Austin troubadour James McMurtry steps into new role as festival ringleader
James McMurtry and Fred Eaglesmith, have much in common: both are highly respected rootsy singer-songwriters with fantastically talented bands, a take-no-prisoners live approach, avid fans, and quirky-but-endearing personalities. But only Eaglesmith has hosted the Root-on-the-River Festival.
Until this year.
After 14 years, the loquacious Mr. Eaglesmith has passed the Master-of-Ceremonies mantle onto Mr. McMurtry, who is generally a man-of-few-words. Except, of course, when he is singing.
In a recent phone conversation, I asked McMurtry, about his new role. "It will be interesting -- I’ve never quite done that before. Usually, we just blow in, play a gig, and leave."
Those who have been regular attendees of ROTR have seen McMurtry and his band blow in, blow the audience away, then simply leave.
For the Austin-based son of the famed novelist Larry McMurtry, the ROTR is a unique outdoor festival with an intimate backyard feel.

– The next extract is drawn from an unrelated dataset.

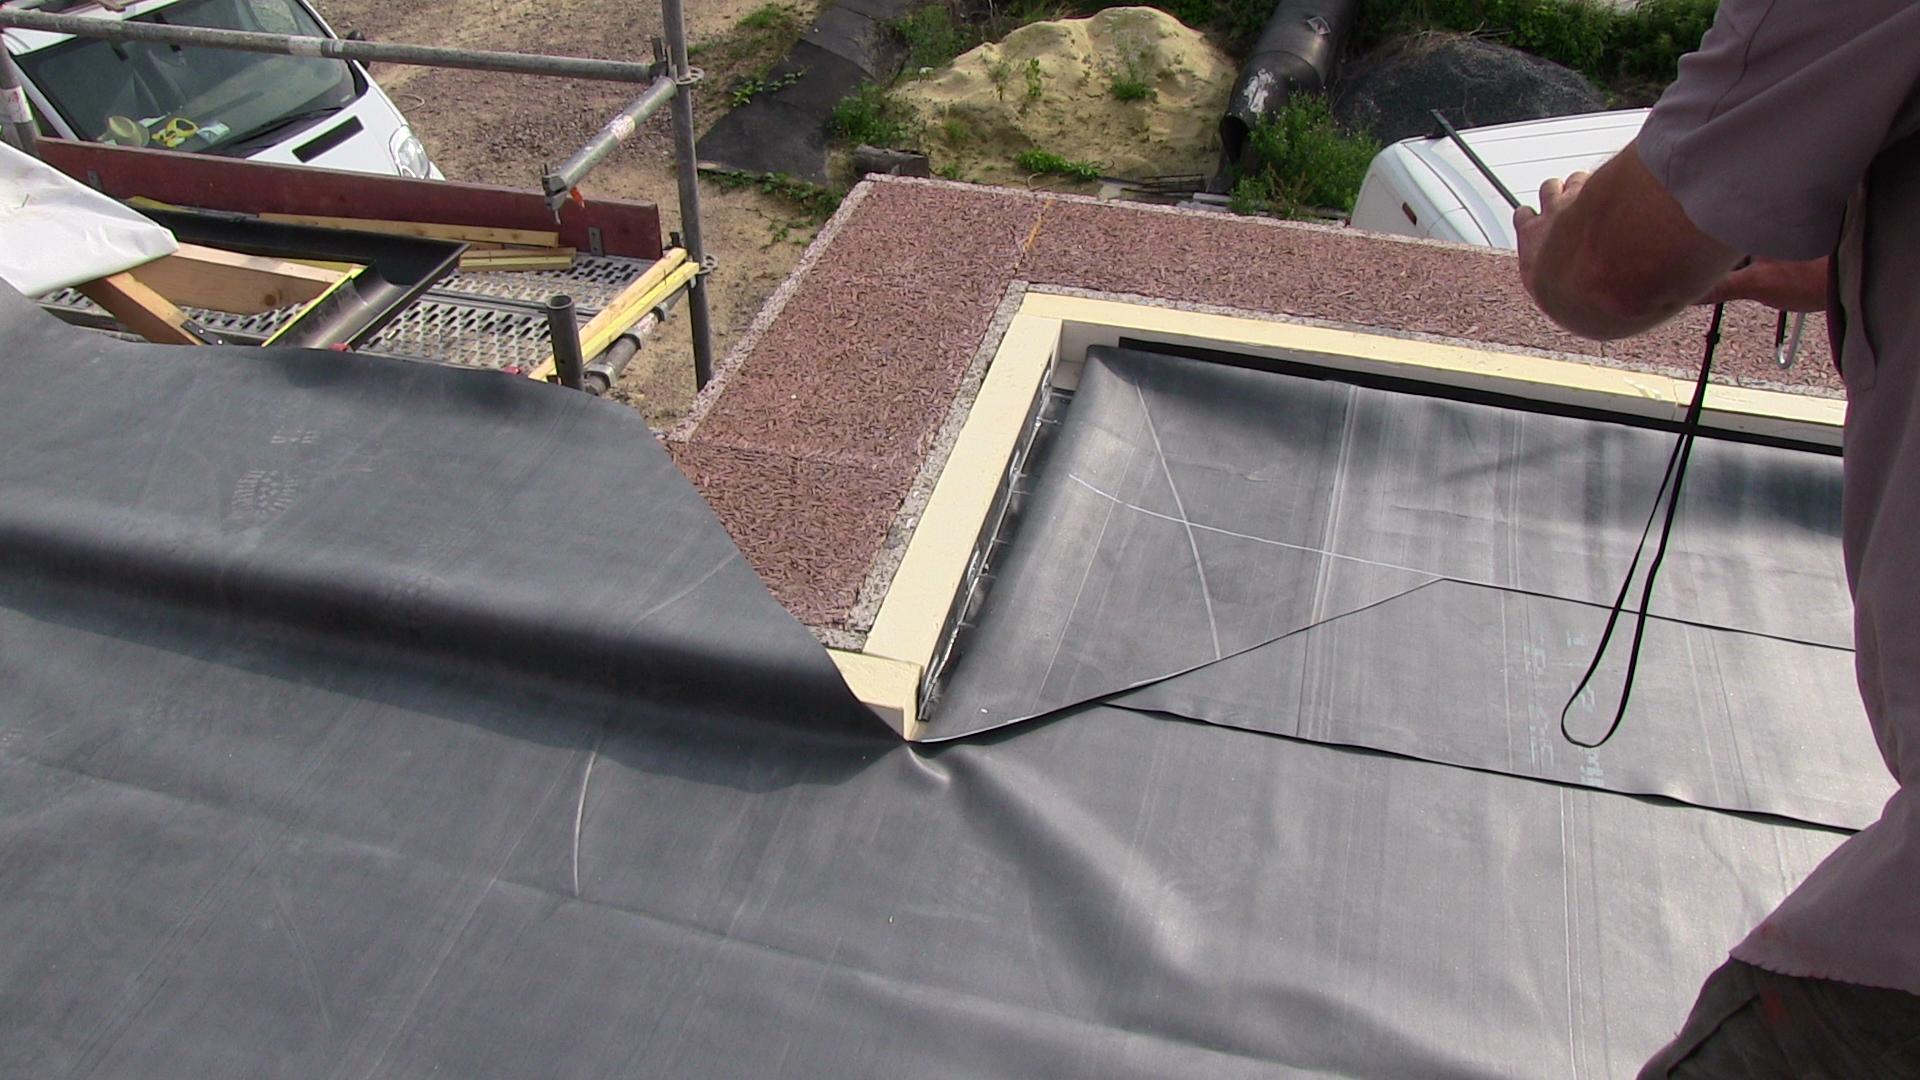 Étanchéité toiture quelles solutions Projector Global

"The ROTR is one of the better festivals, it has that low ceiling tent, that makes it almost like a room. There’s a fairly low stage. The bigger festivals are horrors. The higher up you are, the further from the audience, the more space you gotta fill. You gotta hope they have enough PA to fill it. Half the time they don’t."
McMurtry will be playing favorites from his 25-year catalog and perhaps some fresh tunes that will rock Rockingham from a brand new record he is putting out in October with the help of New Orleans-based producers CC Adcock and Mike Napolitano, as well as talented folks like guitarist David Hildalgo (Los Lobos) and keyboard-player extraordinaire Benmont Tench (Tom Petty).
As for the lyrics on the new record, McMurtry explained that they are a slight departure from his recent excursions into cultural critiques.
"It is a lot more relationship-oriented than what I have been doin’ for the most part. CC said ‘you gotta get away from politics! Everybody hates politicians!’ So I am steerin’ in that direction. They are all character songs. That is how I write. I am a fiction writer, basically."
Just like his Dad.
But his Dad never did host a music festival like the ROTR, one where the separation between artist and audience is minimal. "Well, that can be a problem" explained McMurty with a chuckle. "If they get too close to me they might find out that I am an a--hole and blow the whole thing."